Una brutta pagina della democrazia italiana quella scritta in questi giorni dalla Camera dei Deputati. Una pagina dove per la prima volta nella storia della Repubblica italiana è stato dato l’assenso a una legge che, oltre a colpire le coppie etero che fanno ricorso alla gpa per avere un figlio, ha il palese intento di discriminare la comunità Lgbtqi+ e i suoi figli. Un provvedimento, quello approvato da un ramo del Parlamento, per rendere la Gpa reato universale, cioè potenzialmente perseguibile chi all’estero ricorre alla pratica della gestazione per altri anche se all’interno di quella nazione la prassi non è considerata reato. Oltre ai dubbi sull’incostituzionalità di una tale proposta di legge è il contesto in cui ha passato il vaglio della Camera ad essere inquietante. Mentre l’emergenza climatica ha messo in ginocchio alcune regioni del territorio italiano, ferendo la popolazione e chiedendo a tutti coloro che indossano una divisa dedizione e spirito di sacrificio per prestare il necessario soccorso a tutti, la priorità del Parlamento è stata pugnalare alle spalle i diritti civili e tutta la comunità Lgbtqi+ compreso chi per lavoro indossa una divisa. E’ una china che dobbiamo fermare. La legge sulla gpa ora dovrà essere passare al vaglio del Senato, faremo sentire la nostra voce. Tutte le forze positive della comunità devono unirsi per opporsi al becero tentativo di ridurci in silenzio e per una reale difesa della nostra Carta Costituzionale dei suoi valori democratici di inclusività e pluralismo.
Quanto successo a Chieti lo scorso 24 giugno, dove alcunə facinorosi hanno cercato ripetutamente di intimidire il corteo dell’Abruzzo Pride 2023, va condannato immediatamente da tutta la società civile, senza se e senza ma. Insulti, sputi e minacce da parte di un manipolo di ragazzə che se la sono presa soprattutto con le Famiglie Arcobaleno “ree” di rivendicare il proprio diritto di esistere. I tentativi di infiltrarsi all’interno del corteo sono stati fortunatamente respinti dalle forze di polizia in servizio a tutela dei manifestanti e del diritto di ciascun cittadinə di manifestare sancito dalla Costituzione. Rimane lo sconcerto per gli insulti, la violenza verbale e le minacce alle famiglie, in piazza con i figli piccoli, tanto che per evitare eventuali escalation o rischiare aggressioni fisiche, la polizia ha scortato alcunə di loro alle auto a fine manifestazione. Un brutto episodio, evidentemente, figlio del clima d’odio che alcune forze politiche cavalcano cercando di creare divisioni insanabili tra la popolazione invece di promuovere la convivenza civile e democratica. Polis Aperta, in quanto associazione di appartenenti a Forze di Polizia e Forze Armate, che hanno giurato di difendere la Carta Costituzionale e i suoi valori, sarà sempre al fianco di tutte le forze inclusive e pluralistiche della società che promuovono l’ordinamento democratico e la crescita della coscienza civile del Paese.

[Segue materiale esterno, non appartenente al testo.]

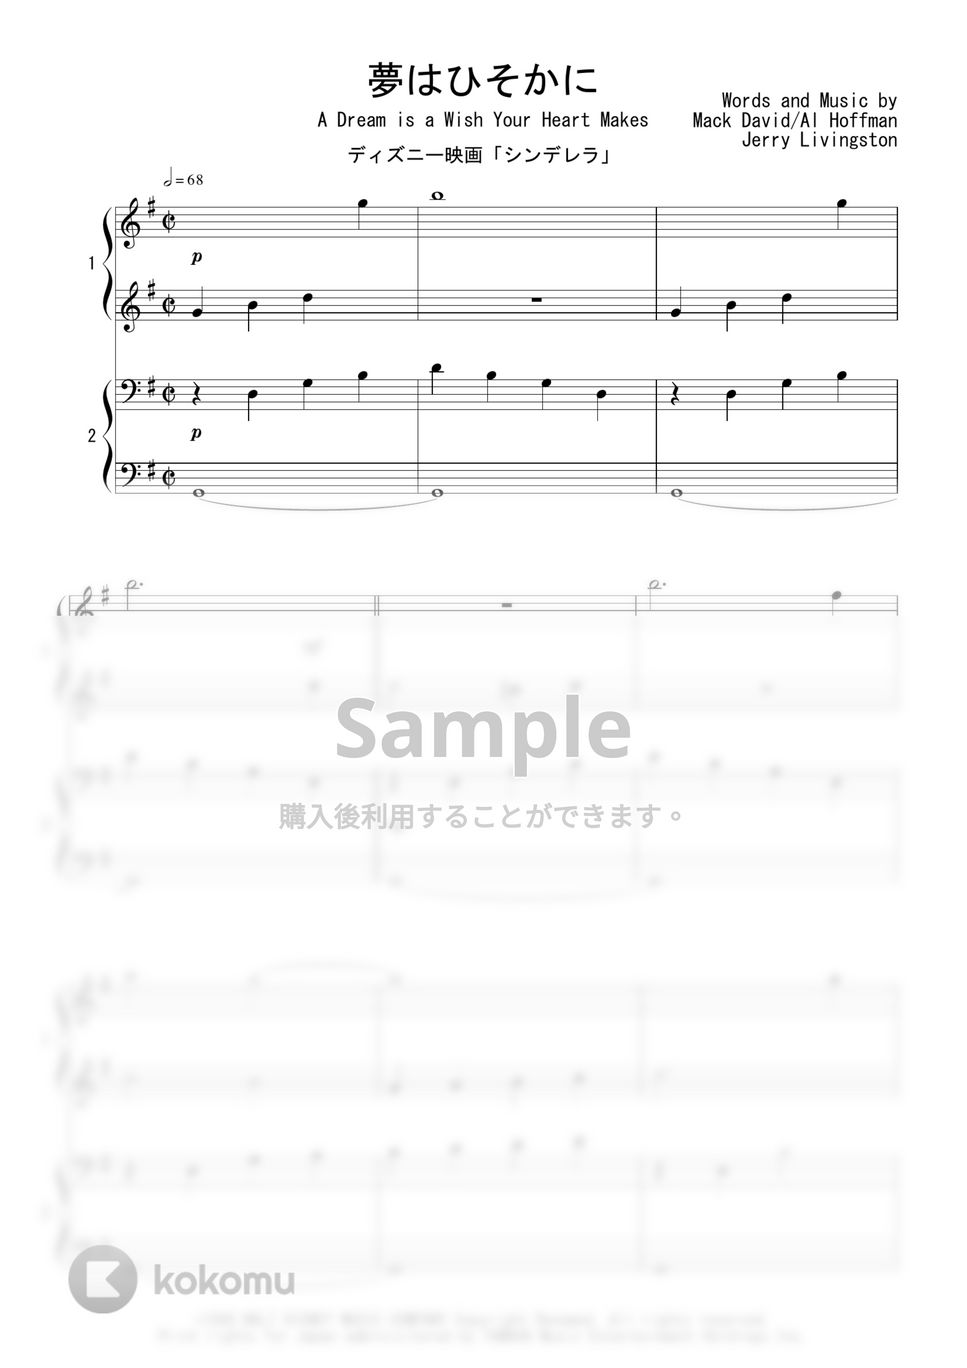 ディズニー映画「シンデレラ」 - 夢はひそかに (ピアノ連弾) by Peony

L’inquietante vicenda di Padova, dove la procura ha deciso si impugnare 33 atti di nascita di famiglie omogenitoriali cancellando di fatto il diritto di ogni bambino ad avere legalmente due genitori, non è solo una brutta pagina nella storia del nostro Paese, getta un’ombra sul futuro di tutta la società: perché si è scelto di individuare un nemico, stigmatizzando le famiglie che non corrispondono al paradigma eternormativo della società. Una scelta che ferisce gli adulti ma che punisce soprattutto i bambini, il futuro della nostra società. Ragazzə derubatə del diritto fondamentale alla famiglia da quello Stato che invece dovrebbe garantire “l’interesse superiore del minore. Invece assistiamo, ormai quotidianamente, a un clima sempre più discriminante nei confronti della comunità Lgbtqia+ utilizzata, assieme ai migranti e agli ultimi della società, come strumento di distrazione di massa dai veri problemi del Paese, dall’immobilismo legislativo alla difficoltà socioeconomiche dell’attuale momento storico.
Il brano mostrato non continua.